O episódio trágico teria abalado o imperador, que ficou perturbado pela culpa. Mas isso não deve ter durado muito e voltou cedo às suas práticas malfaladas, apesar de casar-se novamente em 66, dessa vez com Statilia Messalina, mas a união durou pouco porque ele enfim acabou se deparando o jovem Sporus enquanto andava por um mercado em Roma. Nero viu no menino as feições de Sabina, então resolveu se apossar dele e ordenou que fosse castrado. Foi o soberano romano que lhe atribuiu a nova identidade como Sporus (que significa “Semente”), uma forma de zombaria por causa da incapacidade agora adquirida do moço de se reproduzir, mas ele também chamava o seu catamito de Sabina por causa da semelhança com a sua esposa que assassinou. Nero decidiu casar-se com Sporus em um ato público em 67, anunciando que o jovem era sua mulher. Sporus agora se vestia como uma legítima imperatriz e contava com uma camareira especialmente designada para assegurar que o visual estivesse nos conformes da etiqueta social e alinhamento estético das refinadas senhoras da alta elite romana. Publicamente o imperador não resguardava as demonstrações de afeto para sua nova cônjuge, mas, apesar de ser evidenciado como esposa de Nero, Sporus não tinha autoridade de uma imperatriz convencional e o fato de ser um catamito eunuco de procedência escrava afetava bastante essa condição. Além disso, a rejeição a Sporus era evidente e comumente era assunto nas fofocas e difamações nos corredores do poder e ruas de Roma e a impopularidade de Nero também não ajudava a amenizar a posição de Sporus.

Um curioso episódio do casamento entre Nero e Sporus é o discutido presente dado pela esposa ao seu marido imperial no ano novo de 68: um belo anel com representações alusivas ao mito grego de Perséfone e Hades. Conforme a famosa narrativa mitológica, Perséfone era uma jovem inocente que foi capturada e violada pelo Senhor do Submundo, sendo depois mantida ao seu lado como esposa nos sombrios domínios Hades. Seria uma indireta ou um presságio? O fato é que Nero mal chegaria à metade do ano.

Nero caiu em desgraça não por culpa de Sporus, mas por ser um péssimo governante. Fato evidenciado quanto o Senado, farto de seus abusos e incompetência, resolveu declarar o imperador inimigo público oficialmente.
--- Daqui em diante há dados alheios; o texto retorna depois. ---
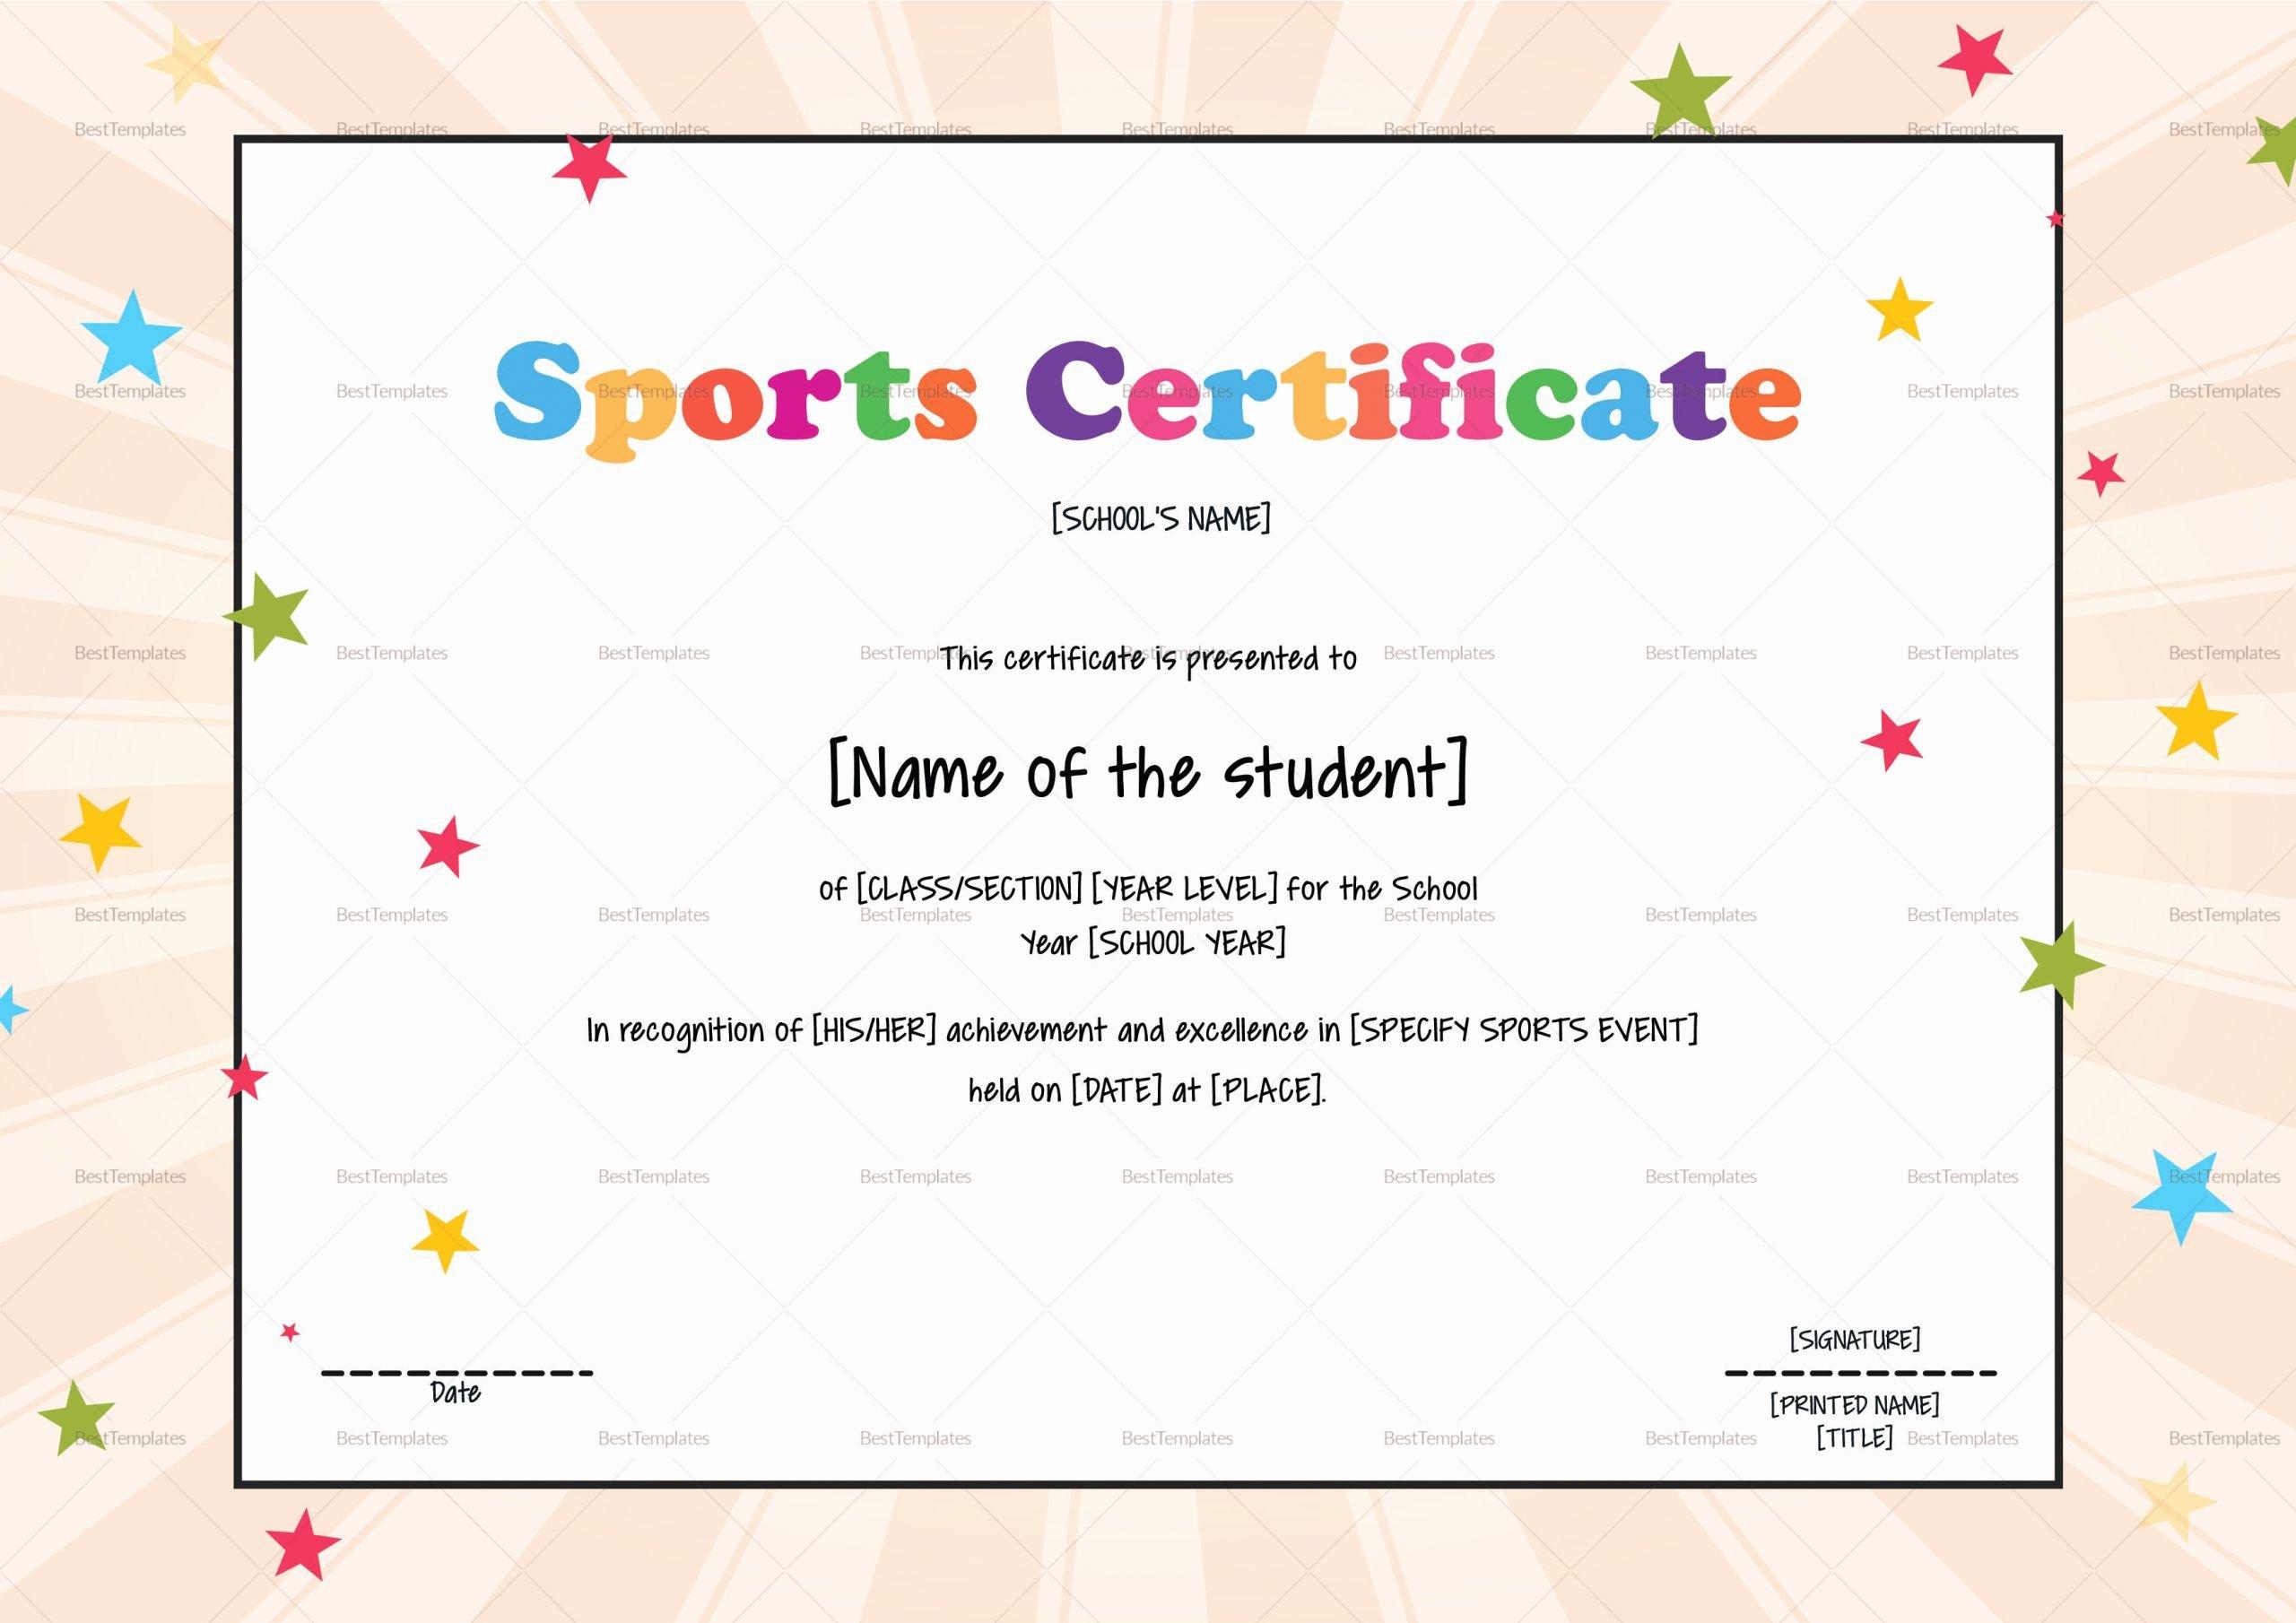 Sports Certificate format In Word Fresh Kids Sports Certificate Design Template In Psd Word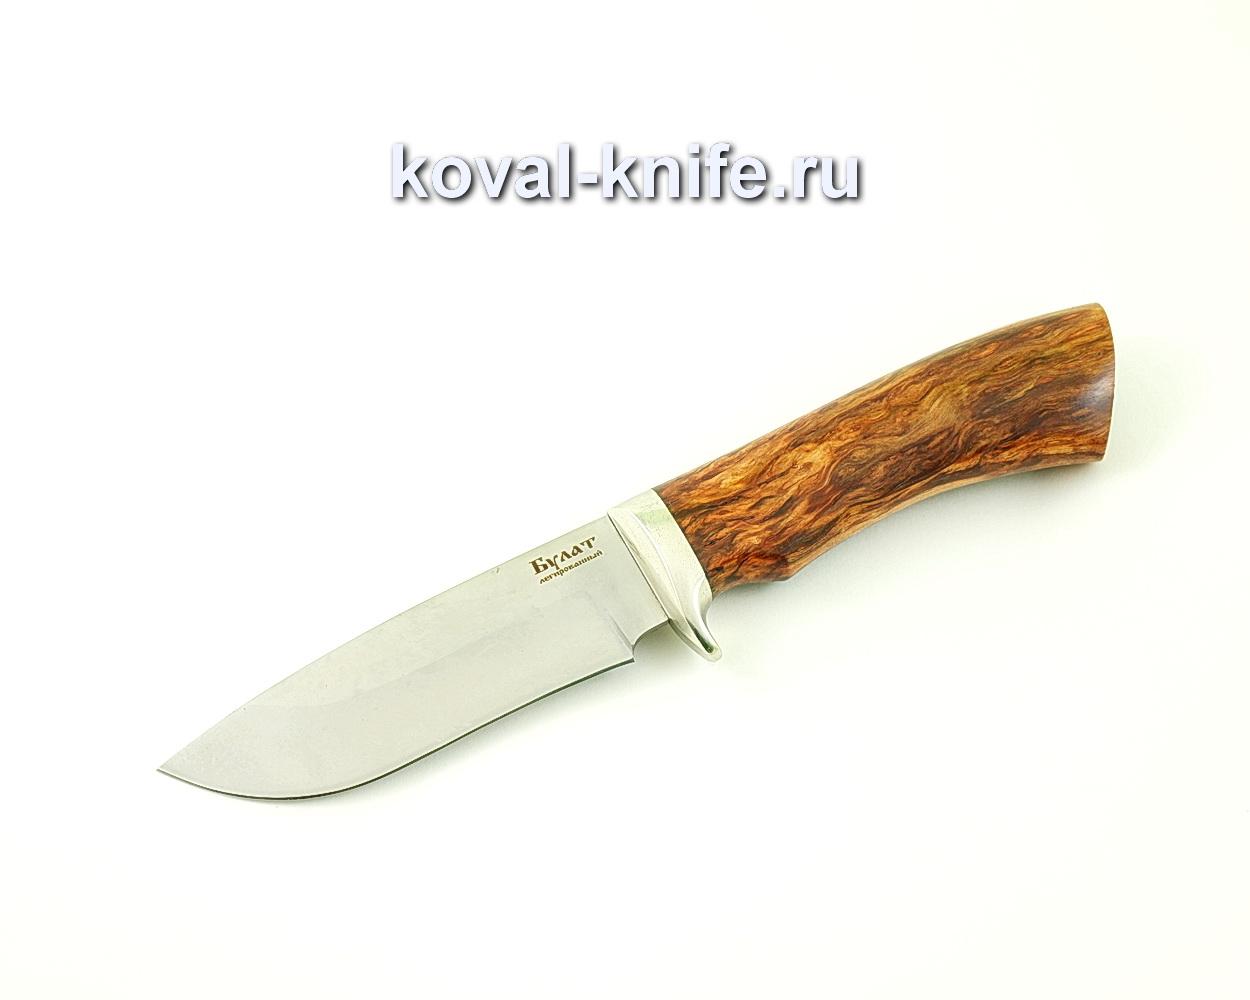 Нож из булатной стали Сапсан (Легированный булат, рукоять стабилизированная карельская береза, литье мельхиор)

Nero viu-se obrigado a fugir da insurreição, mas sabia que não teria onde se esconder. O desfecho é bem conhecido: ele acabou ordenando que um serviçal próximo cortasse sua garganta para evitar cair nas mãos de seus inimigos.    A viúva Sporus também acabou sendo arrastada para o turbilhão da queda de Nero. Ele ficou brevemente sob os cuidados do pretoriano Nymphidius Sabinus, que também fez do catamito sua esposa até que o militar morreu no contexto das rebeliões políticas, pois tentou ser coroado imperador. Daí então Otho (Marcus Salvius Otho), o ex-amigo de Nero que foi traído e perdeu sua esposa, assumiu o império e a propriedade de Sporus por apenas 3 meses até se matar, ocasião em que Aulus Vitellius Germanicus foi declarado imperador pelo Senado. Vitellius não tinha nenhuma intenção de proteger Sporus e planejou utilizar o rapaz em uma exibição vexatória num espetáculo em que representaria a Perséfone violada e raptada por Hades para a diversão dos expectadores. Depois de todas as experiências vivenciadas em menos de 20 anos de existência, Sporus decidiu se matar para evitar a humilhação pública.